Además la importancia de seguir unas normas y un objetivo ayudan mucho a nivel motivador ya que es muy agradable trabajar mientras te diviertes y ver que lo puedes conseguir superar.

La adrenalina en un escape y la reducción de estrés.

En esta sociedad tan acelerada el estrés es una de las mayores causas de enfermedad. Por eso nos tenemos que cuidar especialmente en este aspecto. Salir a tomar un refresco con los amigos o jugar a la pelota no es ser de vagos si no de listos. Nos curamos en el proceso.

Aquí entran los escape room. Son una herramienta estupenda para la liberación de estrés mientras te diviertes.
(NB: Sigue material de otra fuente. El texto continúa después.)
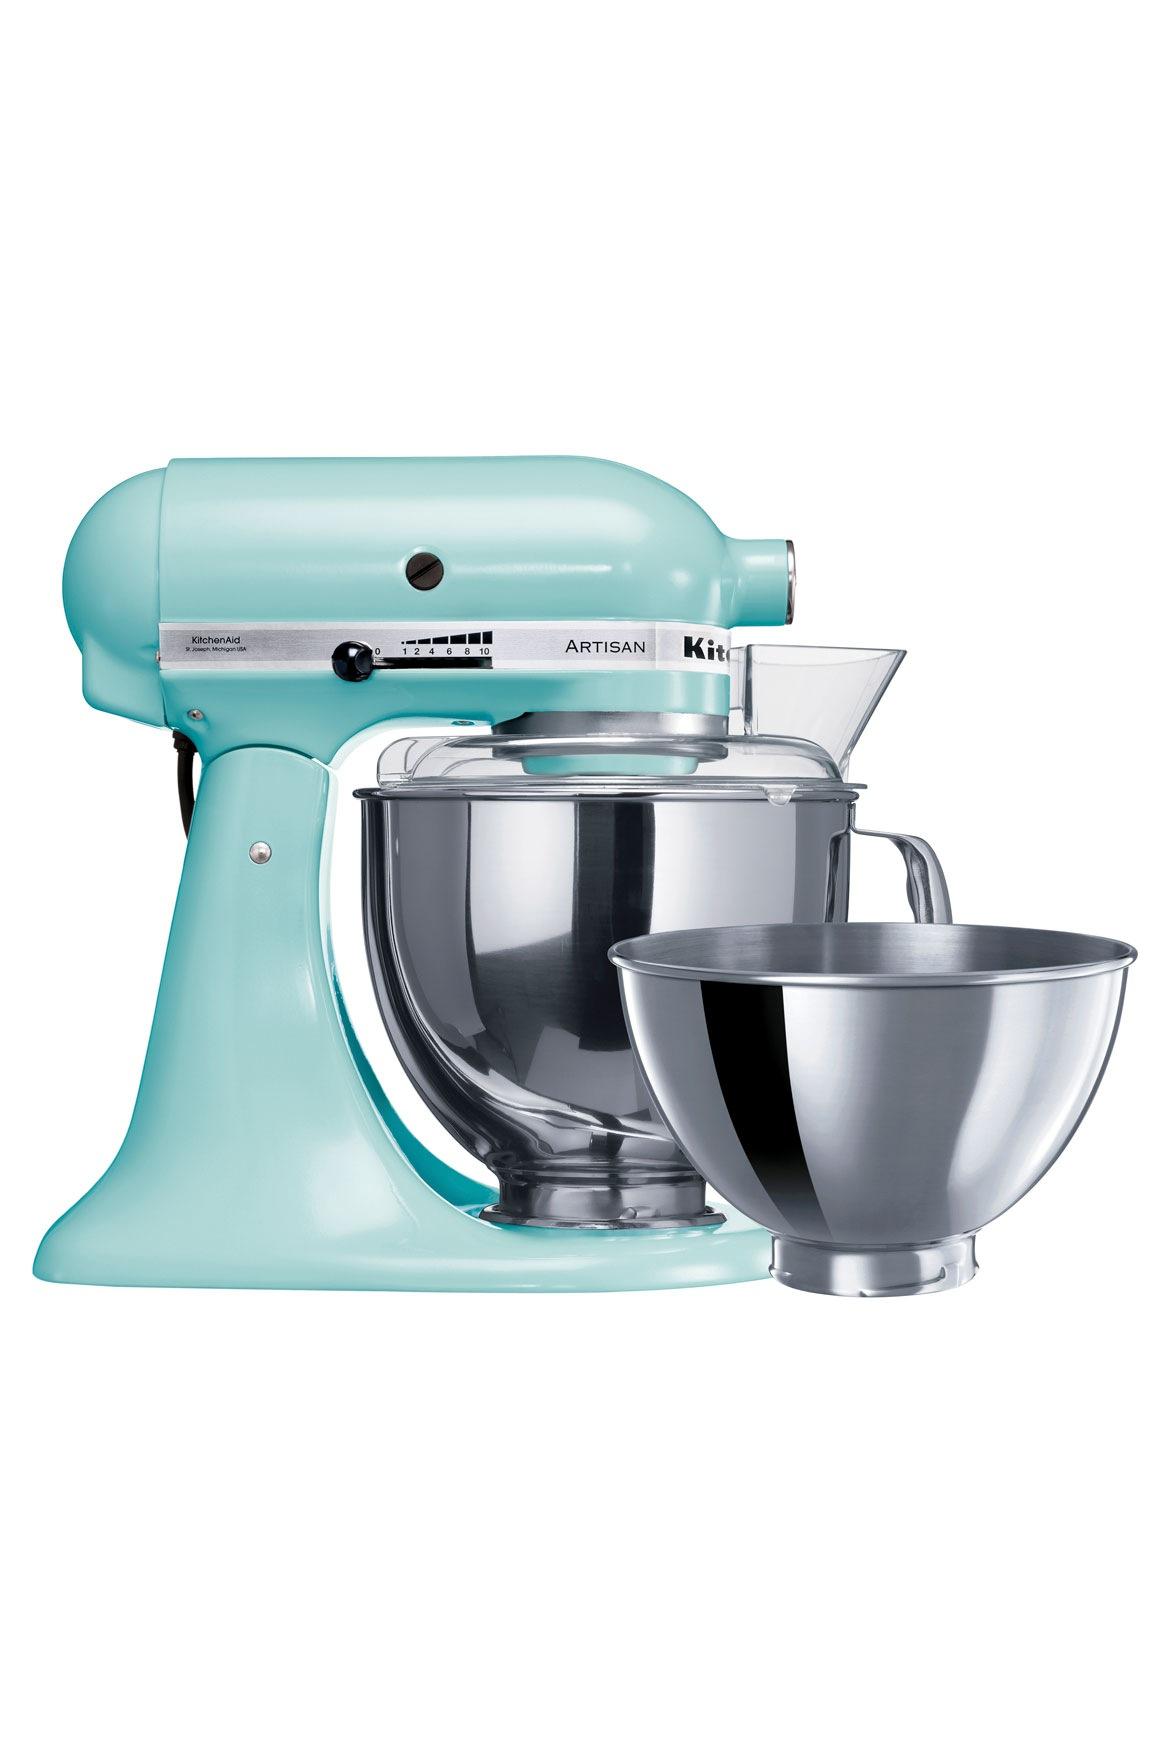 KitchenAid | KSM160 Artisan Stand Mixer: Ice 5KSM160PSAIC | Myer Online

Imagina que estás en tensión pero a la vez disfrutas. ¿No es placentera esa sensación? ¿No deberíamos quizás amar o disfrutar lo que hacemos? Esa sensación ayuda a gestionar la adrenalina y las emociones que se segrega en el juego debido al tiempo limitado del juego y de la dificultad de las tareas. Reconducimos en cierta medida ese estrés en una tensión placentera.

Durante y al acabar el juego de escape se consigue un estado en el que se han segregado endofinas por la superación de un problema o tarea de cierta dificultad. Nos sentimos bien porque lo hicimos bien.

Trabajar y divertirse a la vez.

El juego en familia o con los amigos o compañeros de trabajo es una oportunidad para conocerse mejor, estar más cohesionados y sentirse bien dentro del grupo.

Trabajar unidos y divirtiéndose es una experiencia especial en la que vemos que el grupo funciona y los lazos se estrechan mientras todos se divierten y pasan un momento con sus más cercanos.

El mundo del escape room no es un simple juego, es una forma de vida.